Task directions:
Below this line are records; transcribe exactly the lines between the one holding "Steelform Factory - The" and the one holding "5-slot cable management, black", inclusive, and omit the pictures.

Entries provided:
"""
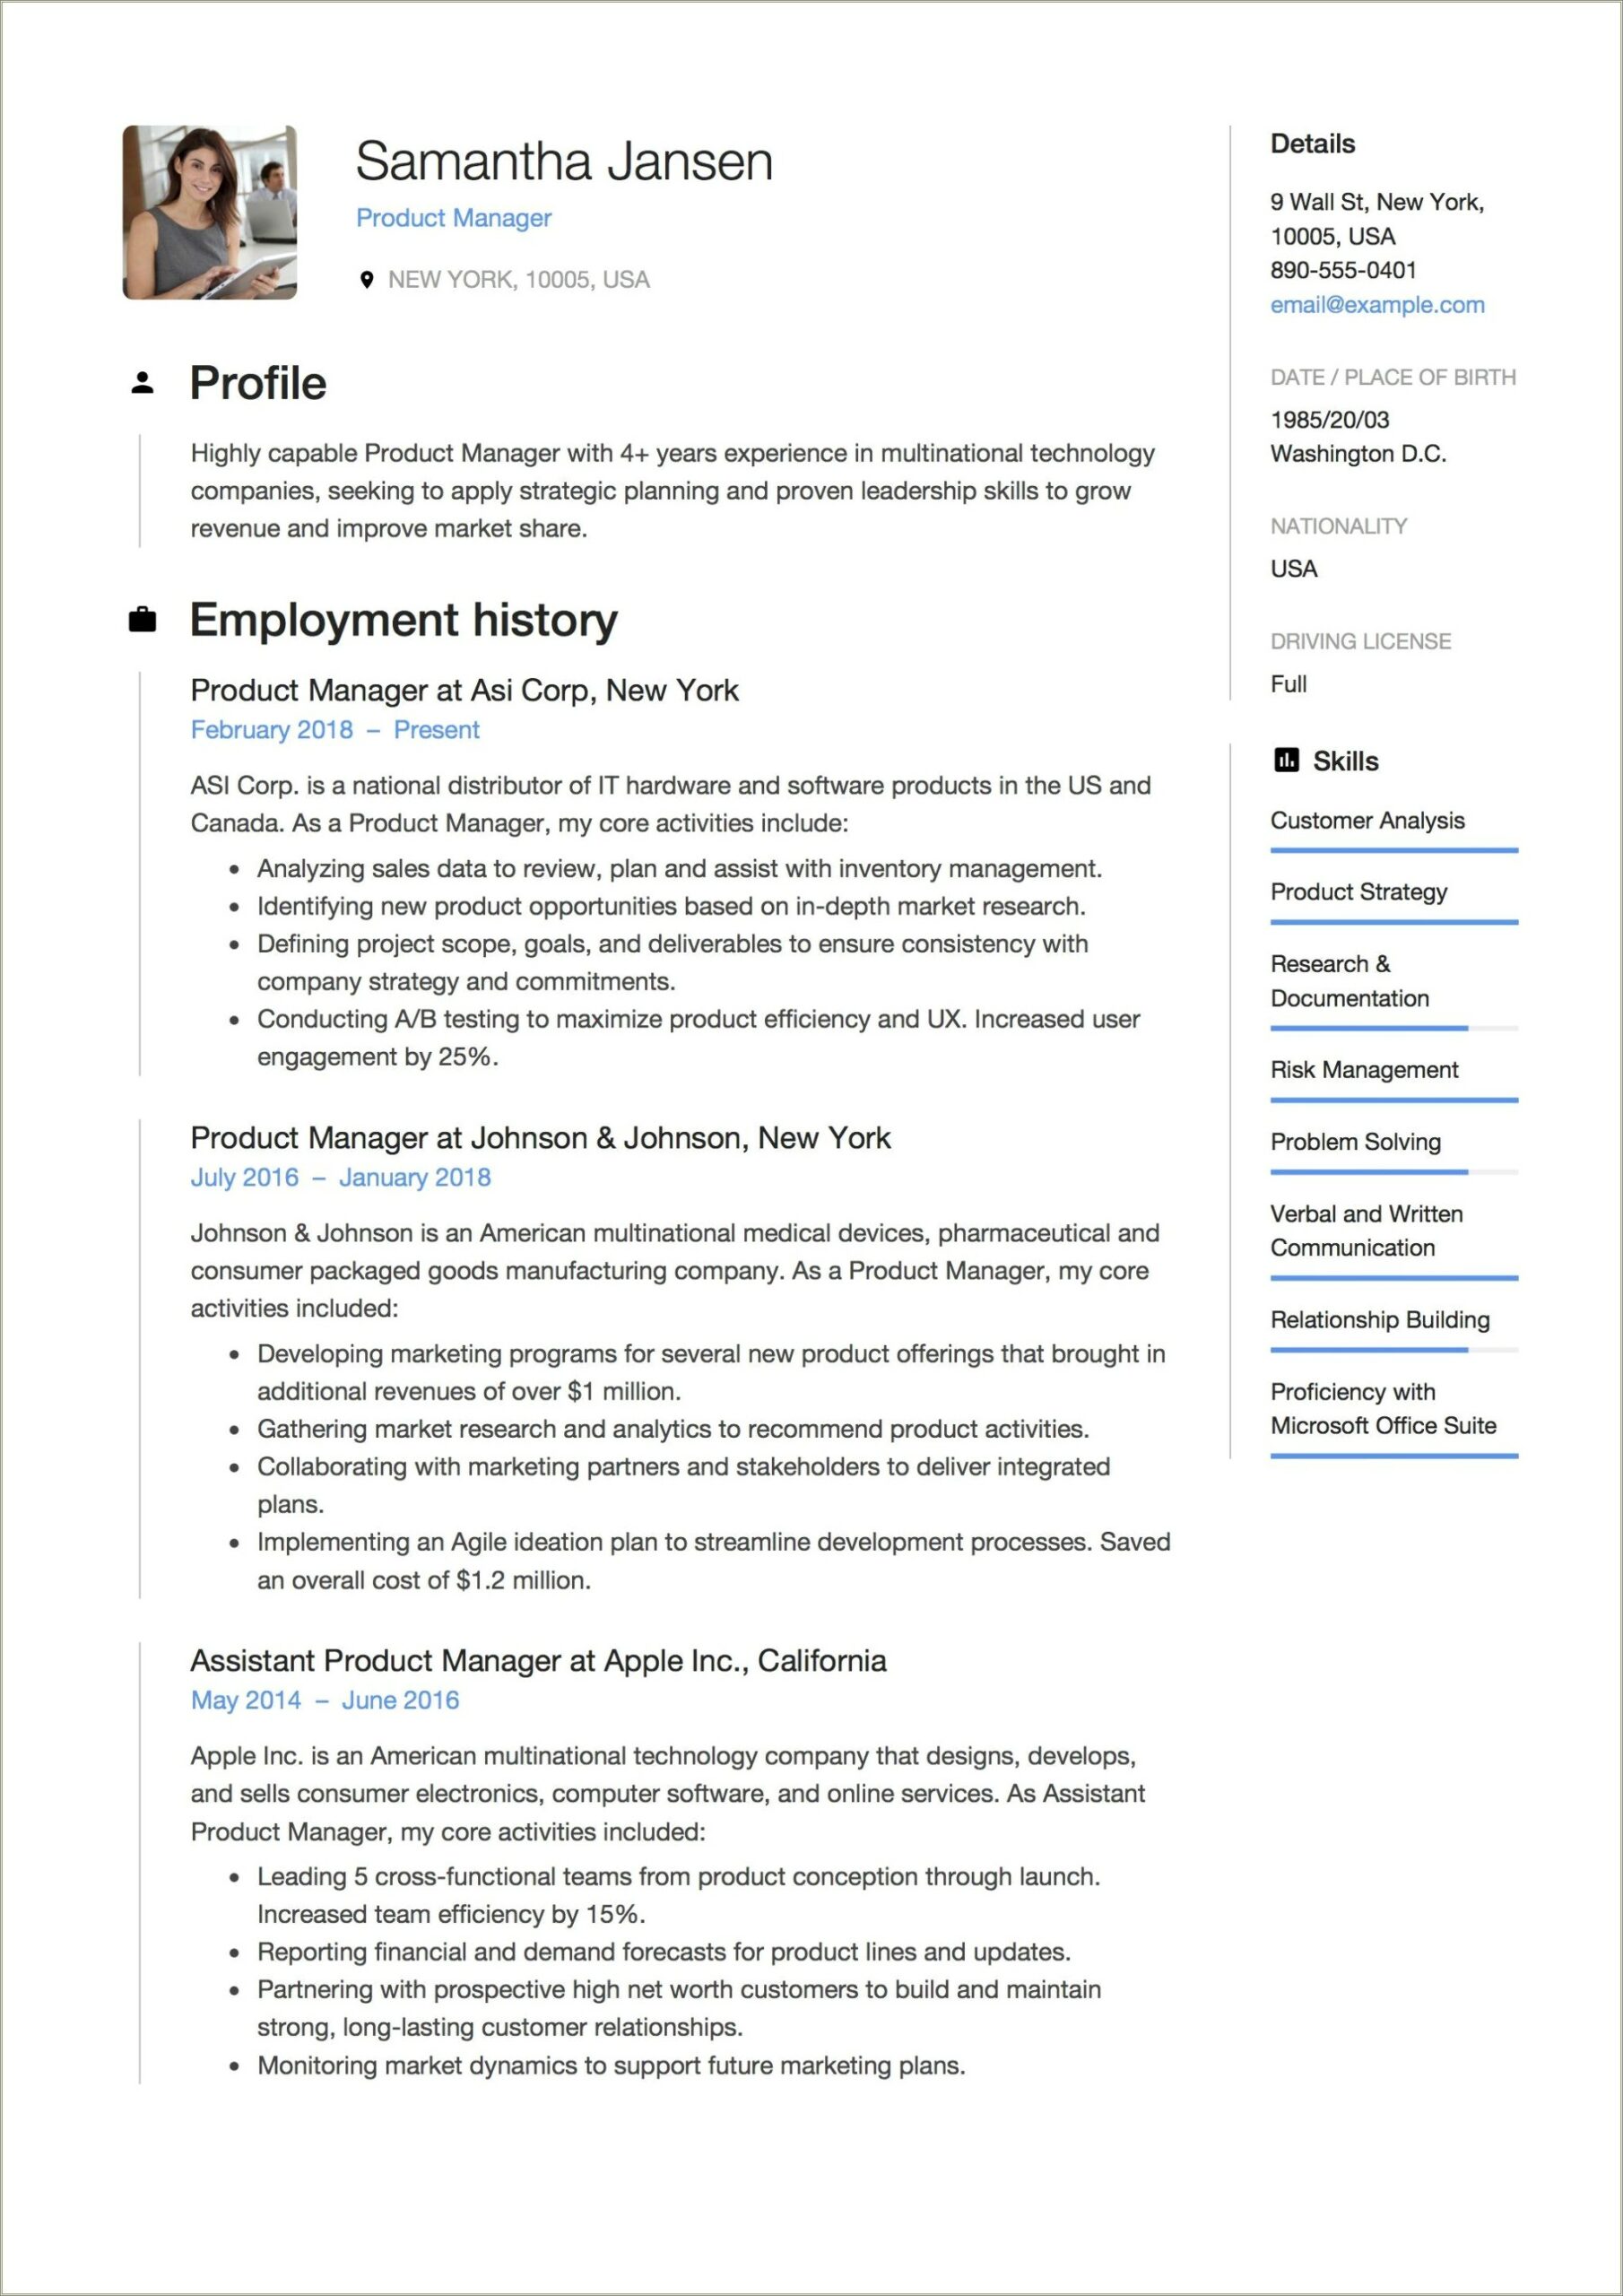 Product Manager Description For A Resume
"""
"""
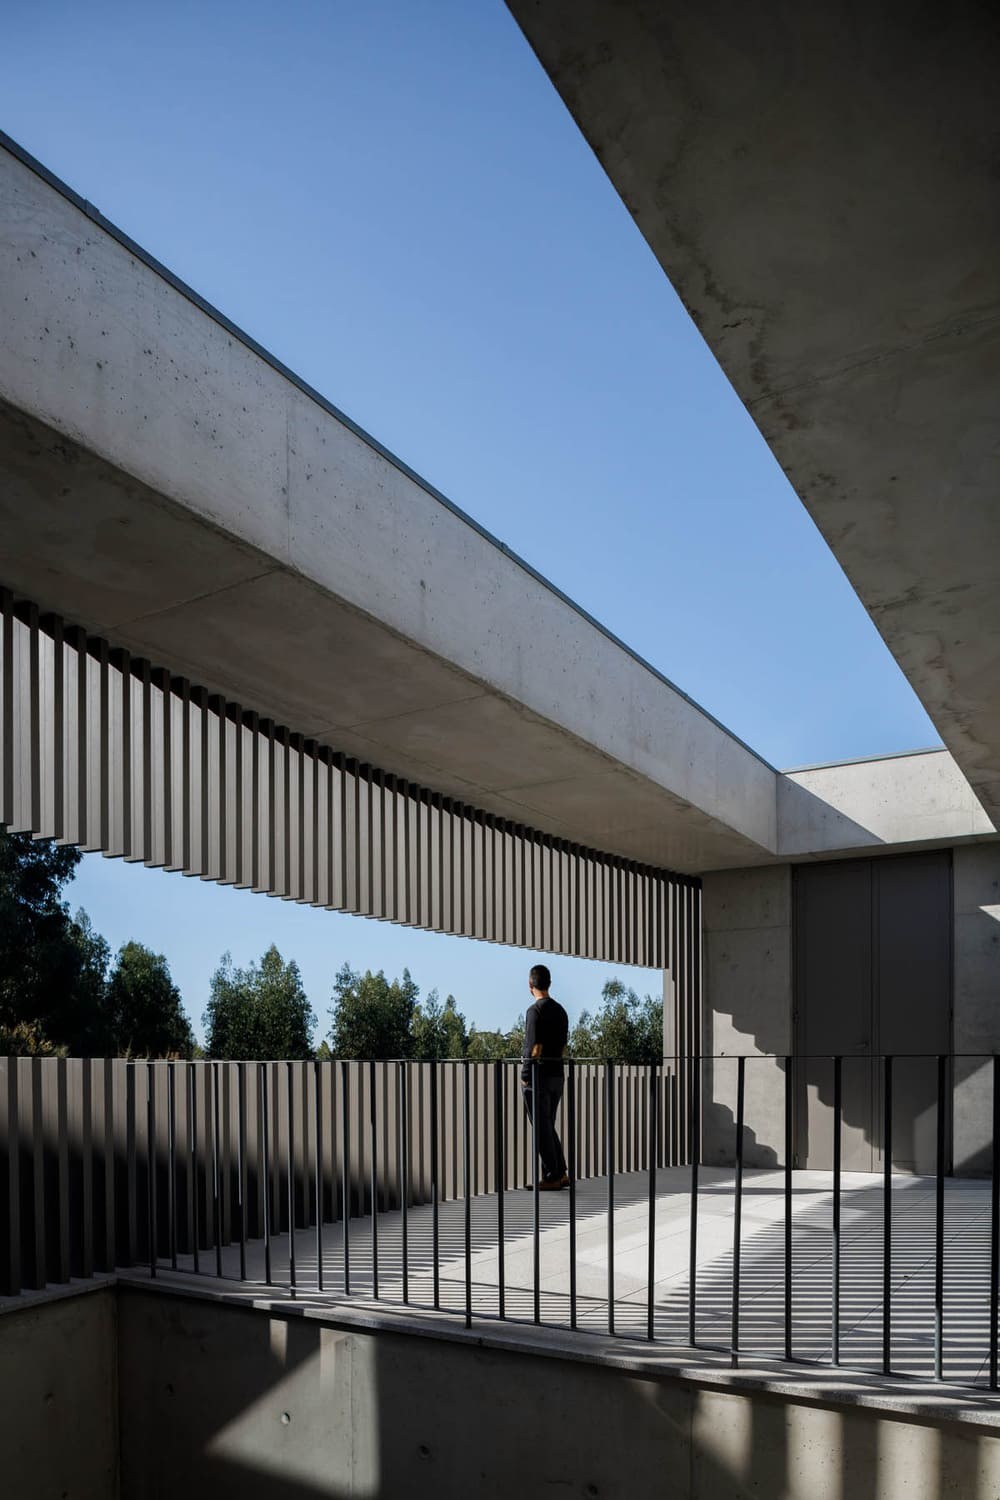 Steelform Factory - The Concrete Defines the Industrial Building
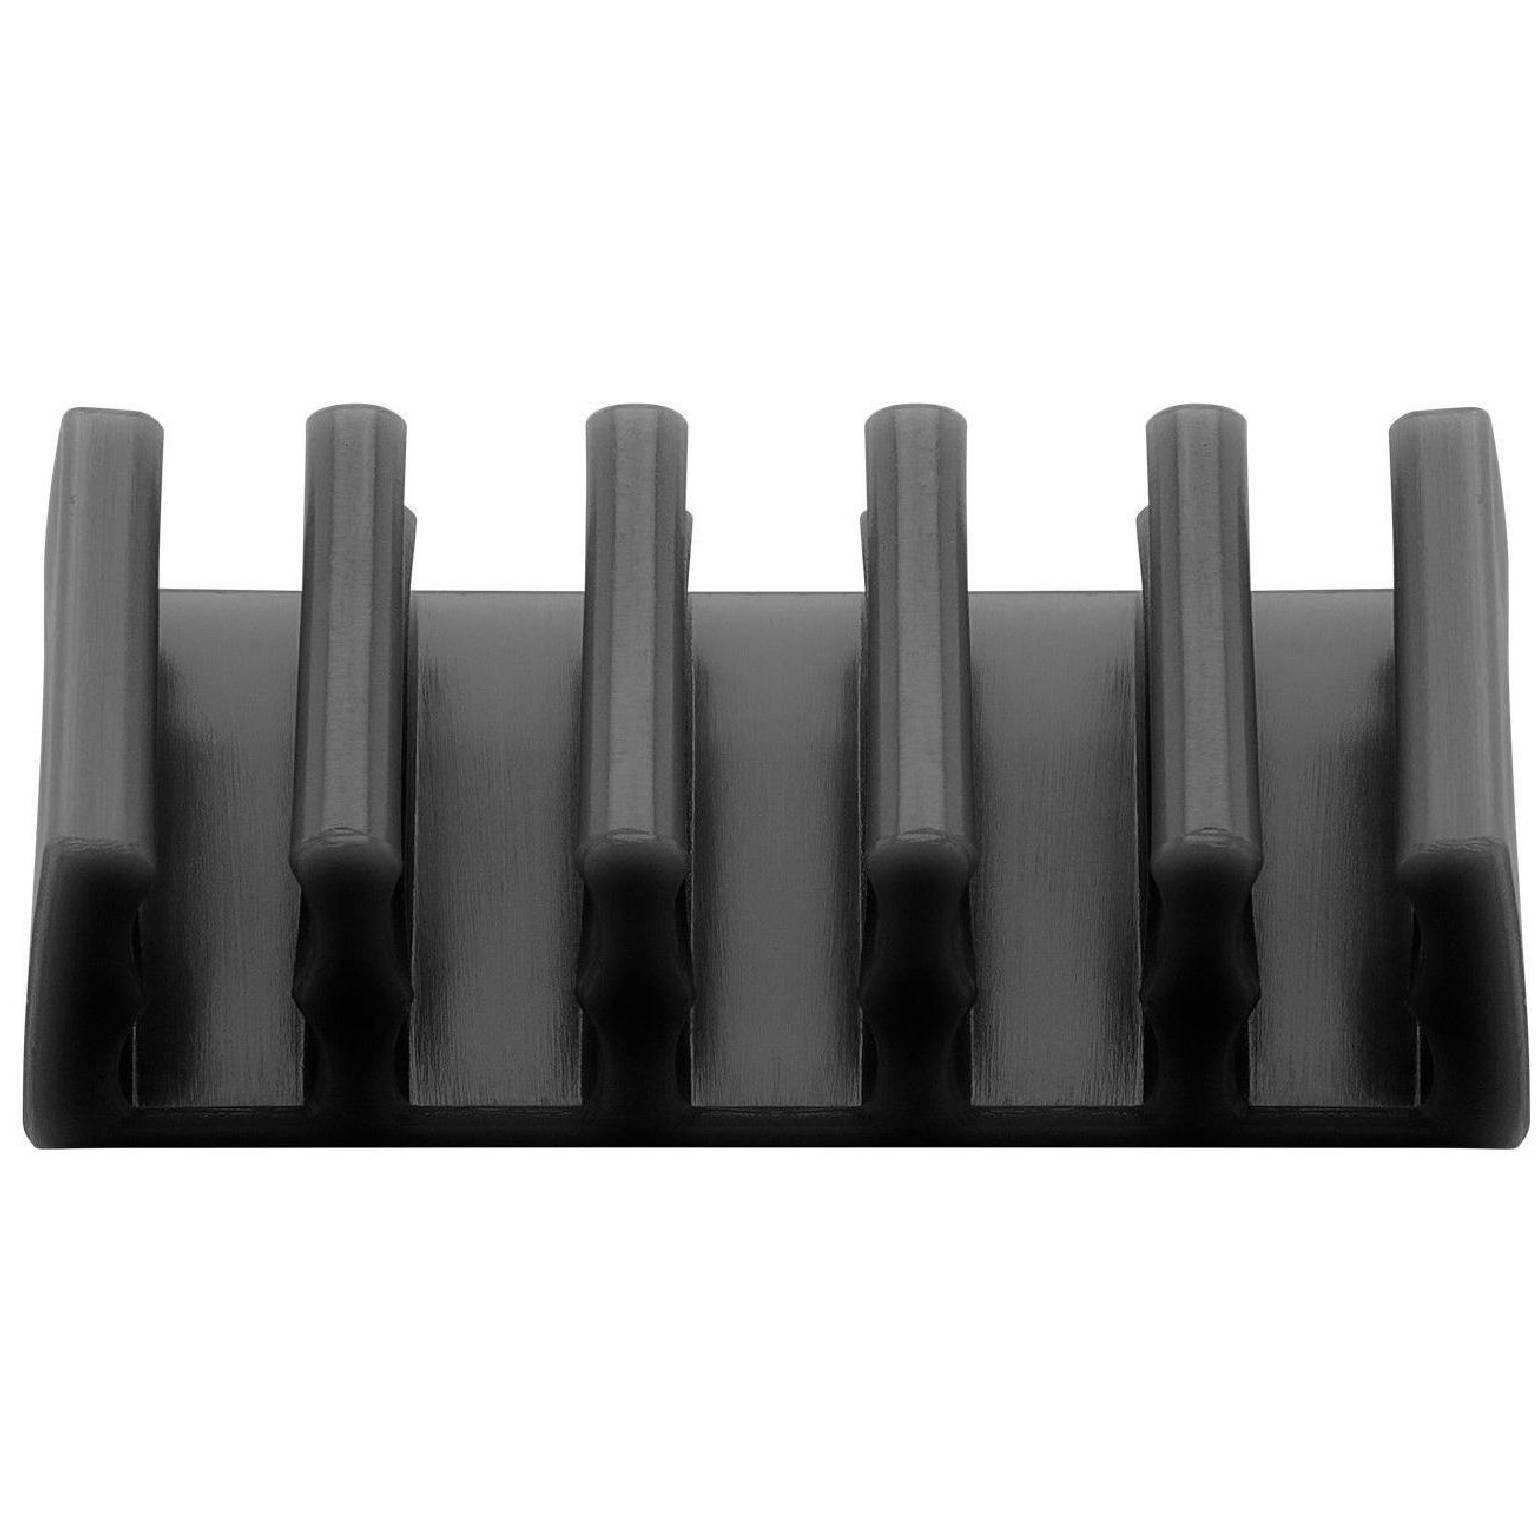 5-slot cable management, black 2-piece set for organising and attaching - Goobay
"""
"""
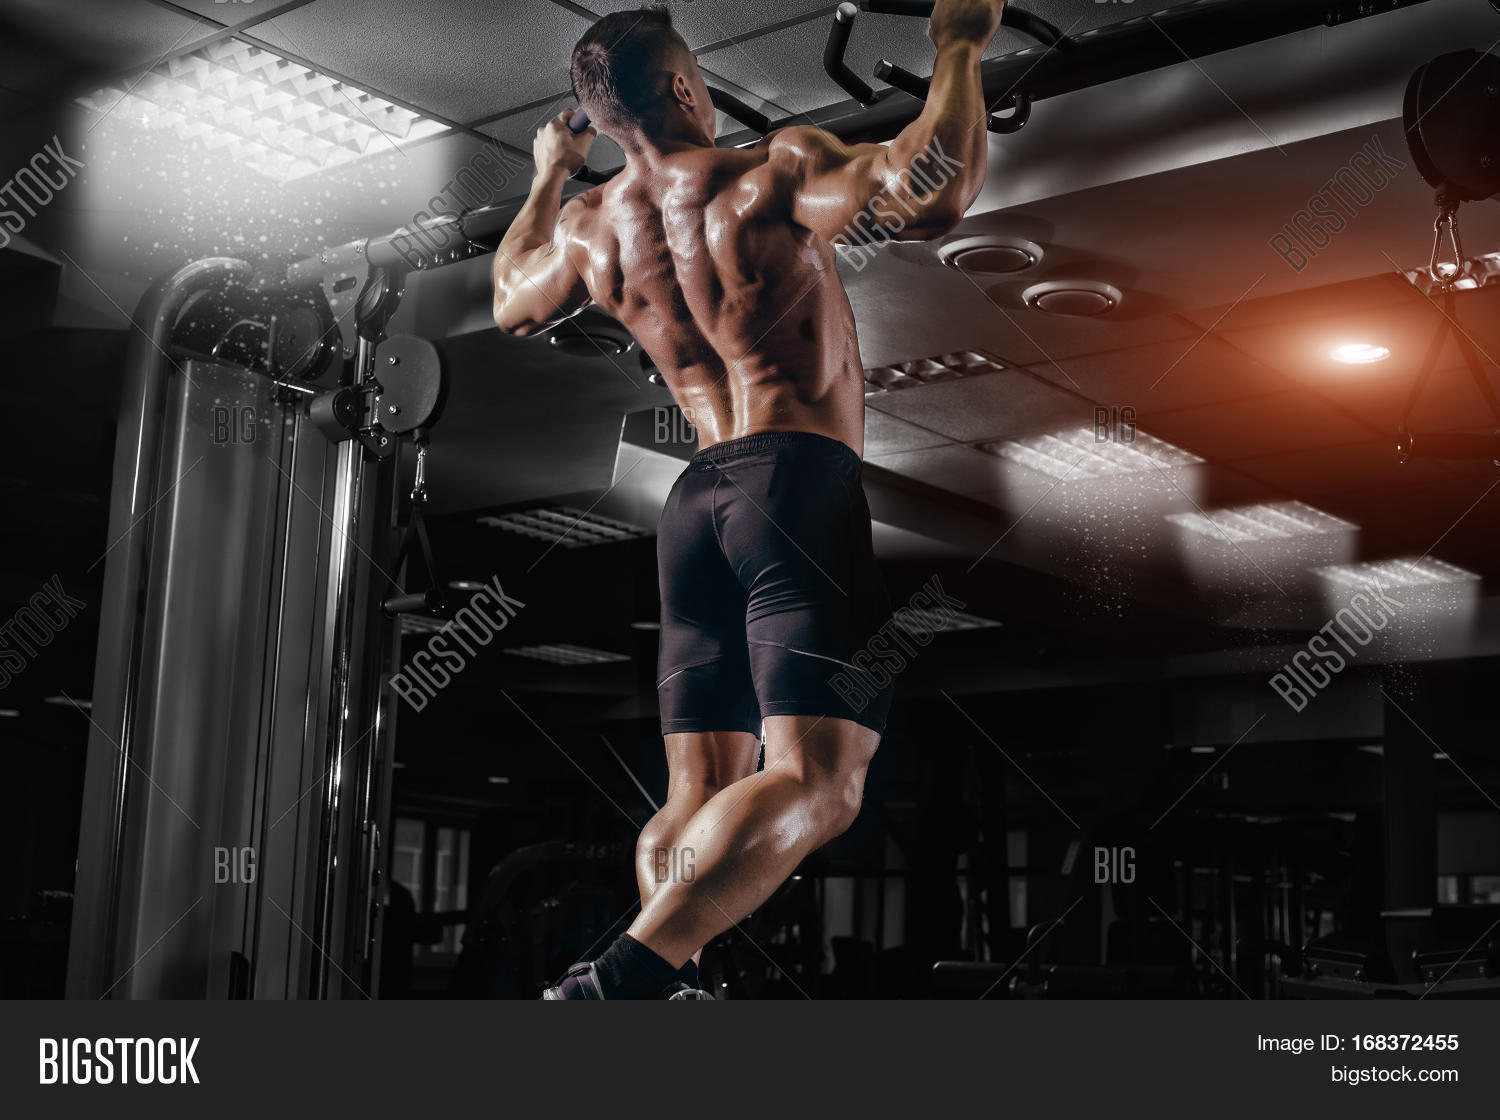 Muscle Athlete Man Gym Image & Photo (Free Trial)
"""
Answer to this exercise:
 Steelform Factory - The Concrete Defines the Industrial Building
 5-slot cable management, black 2-piece set for organising and attaching - Goobay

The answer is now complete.